# Problem:
All of the listing should be output exactly, apart from the pictures.

# Source data:
>>
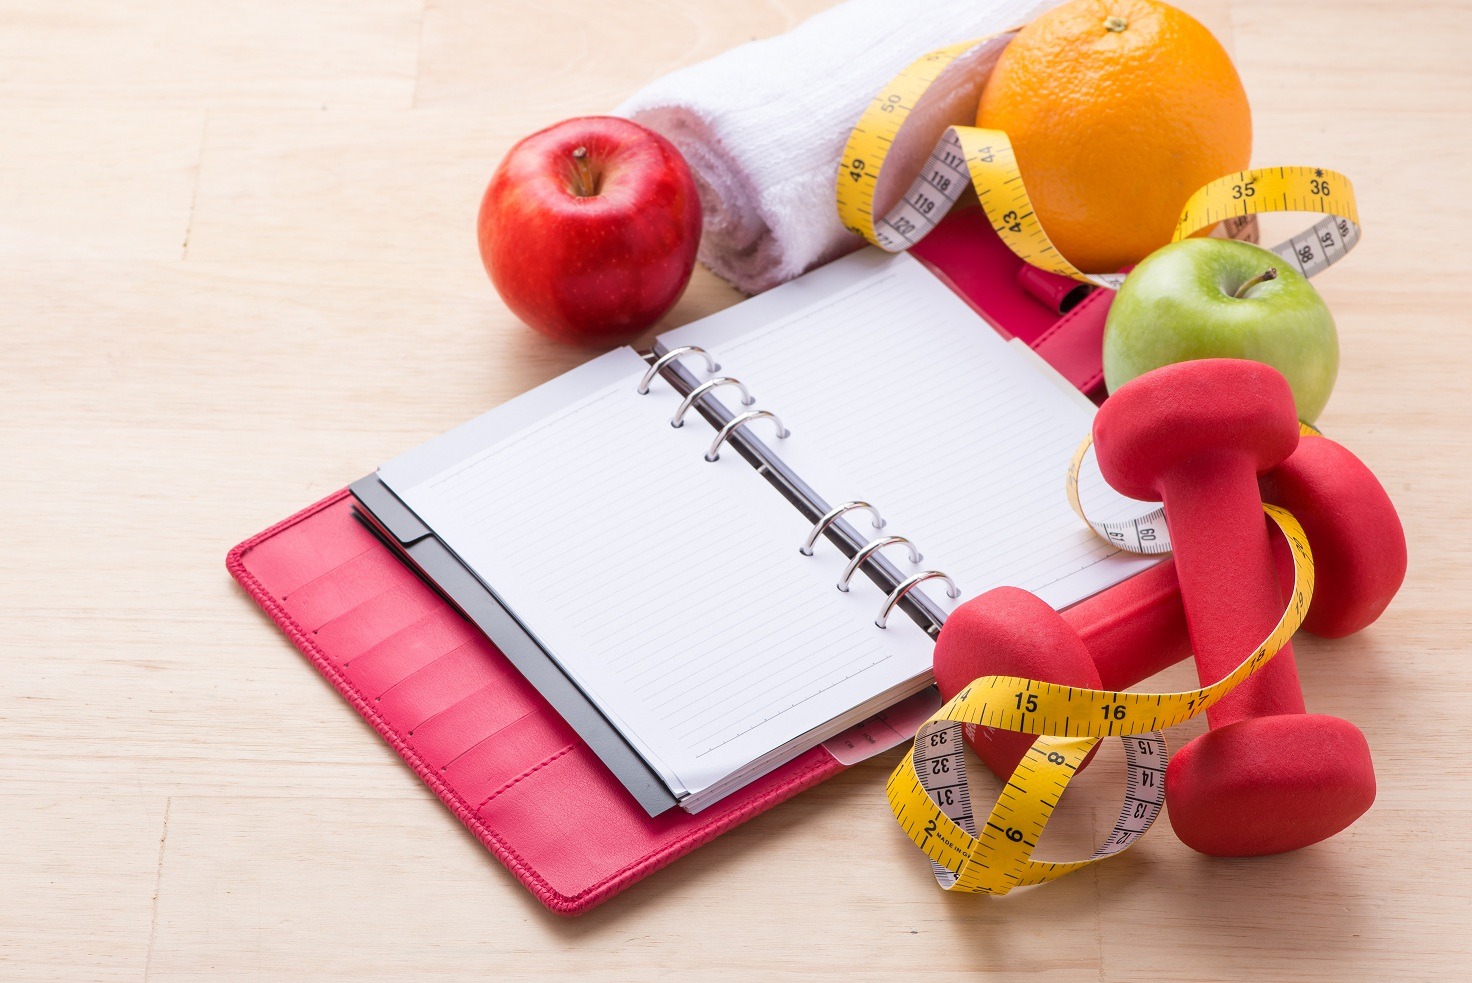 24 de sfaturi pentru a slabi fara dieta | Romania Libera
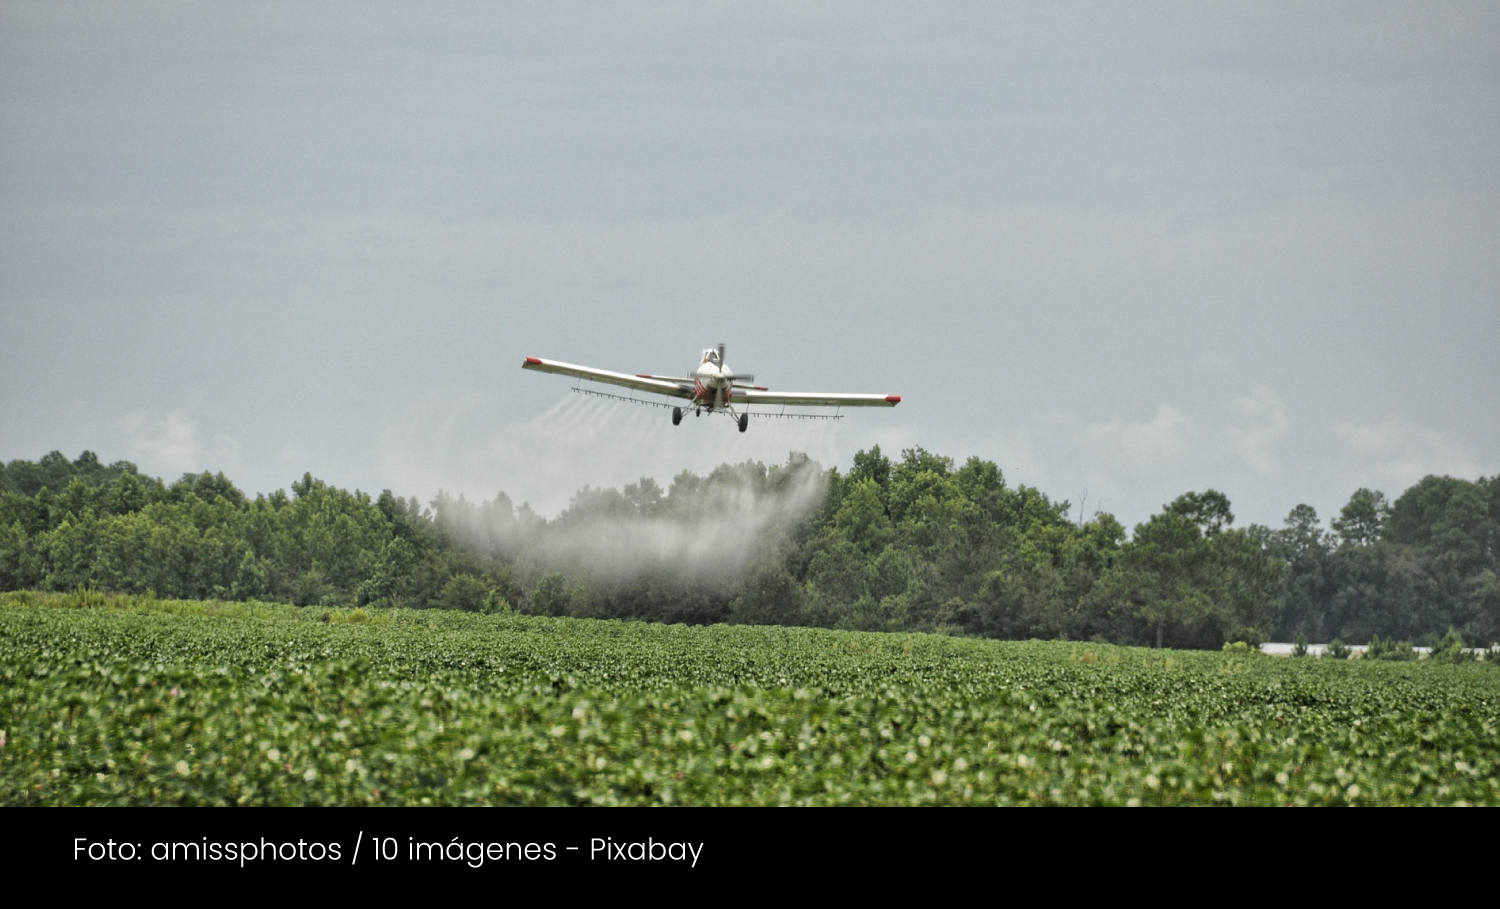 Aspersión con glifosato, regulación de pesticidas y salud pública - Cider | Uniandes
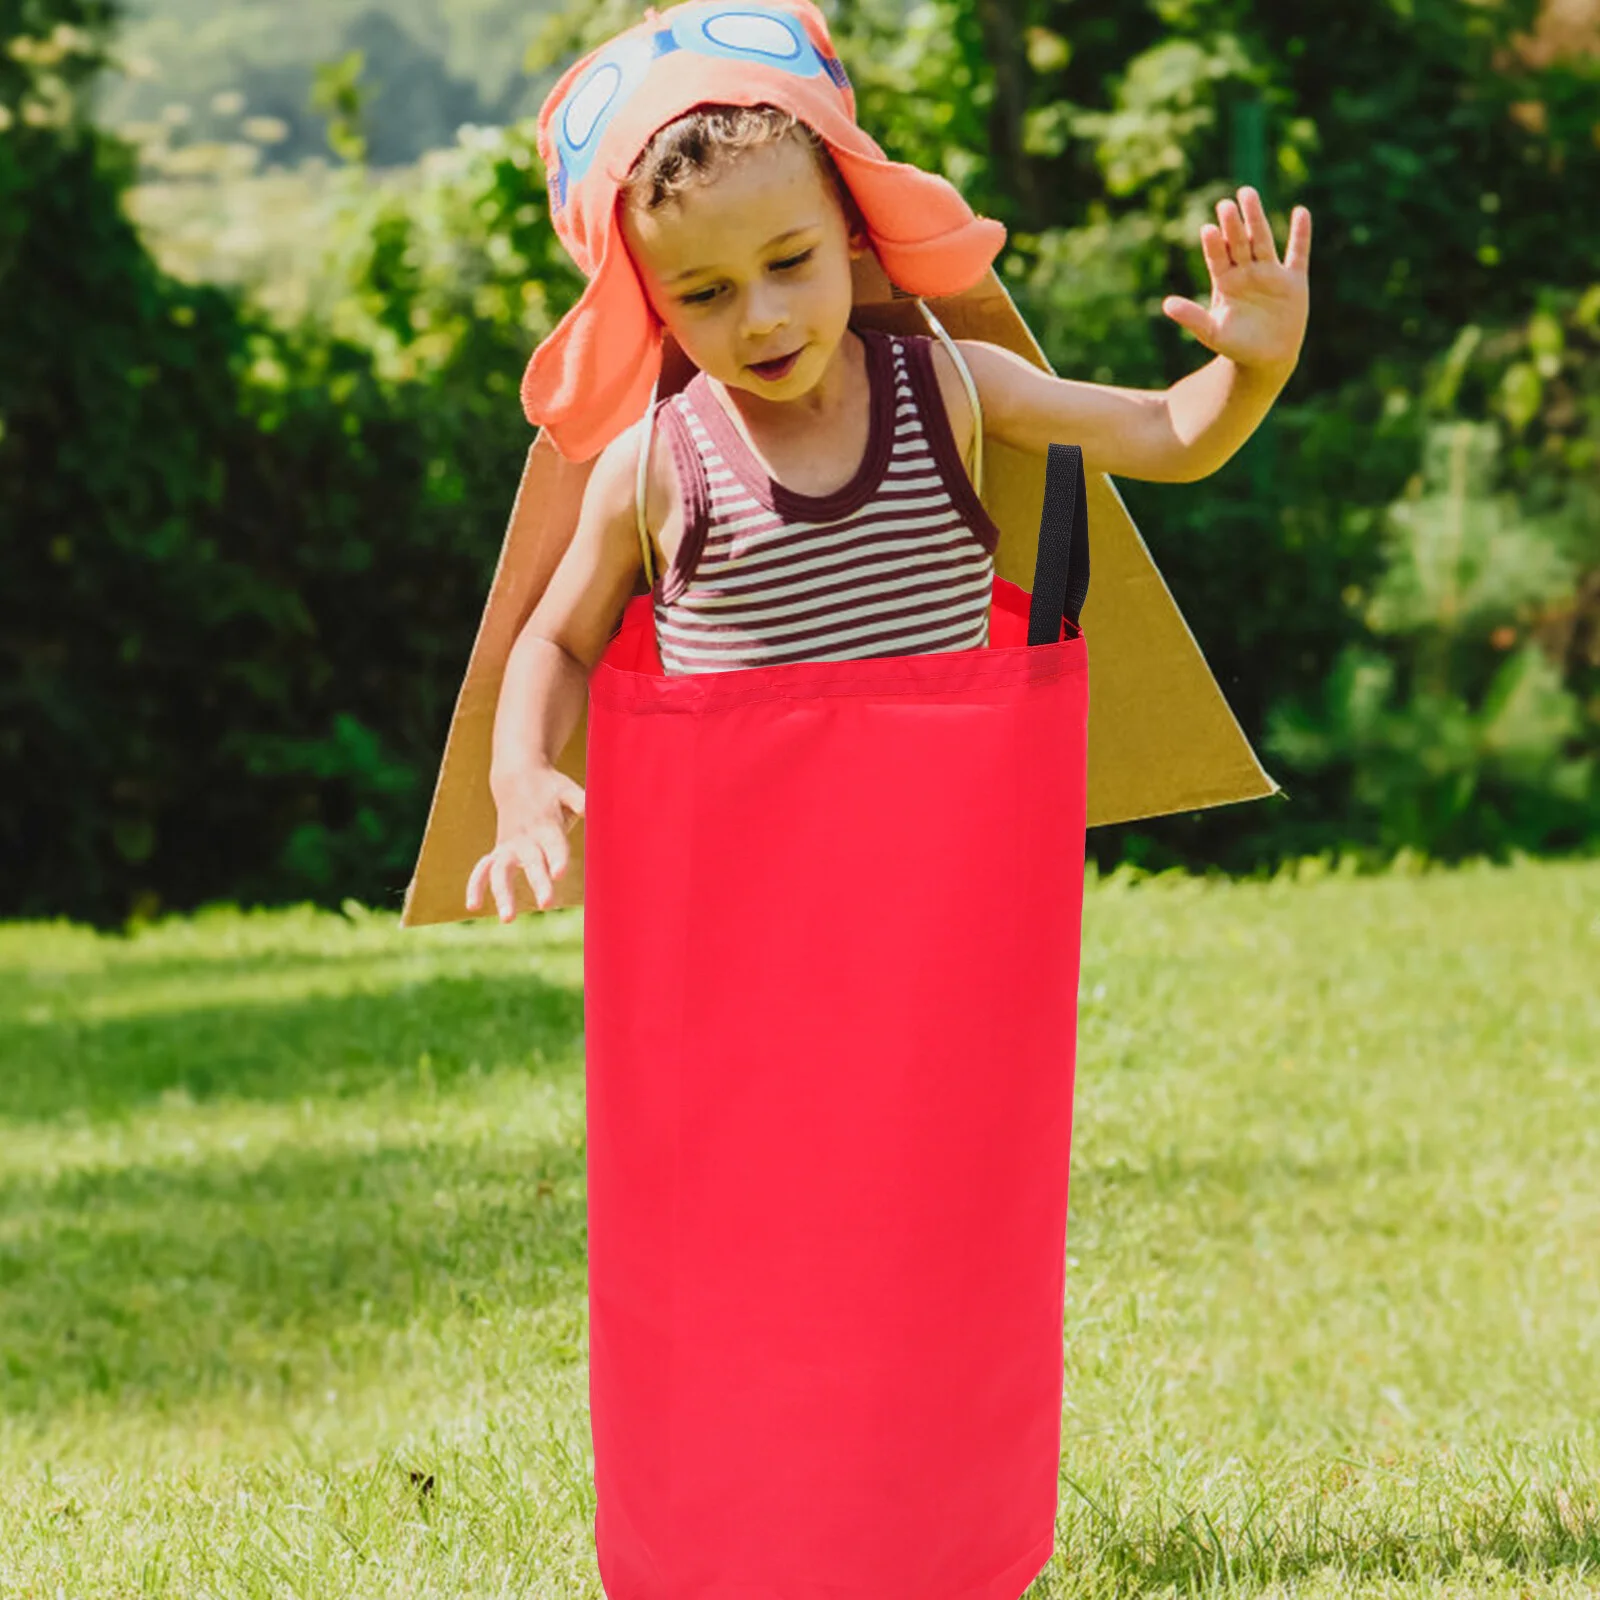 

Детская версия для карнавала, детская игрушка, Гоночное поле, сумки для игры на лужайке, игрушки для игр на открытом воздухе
<<
# Finished task:
 24 de sfaturi pentru a slabi fara dieta | Romania Libera
 Aspersión con glifosato, regulación de pesticidas y salud pública - Cider | Uniandes

Детская версия для карнавала, детская игрушка, Гоночное поле, сумки для игры на лужайке, игрушки для игр на открытом воздухе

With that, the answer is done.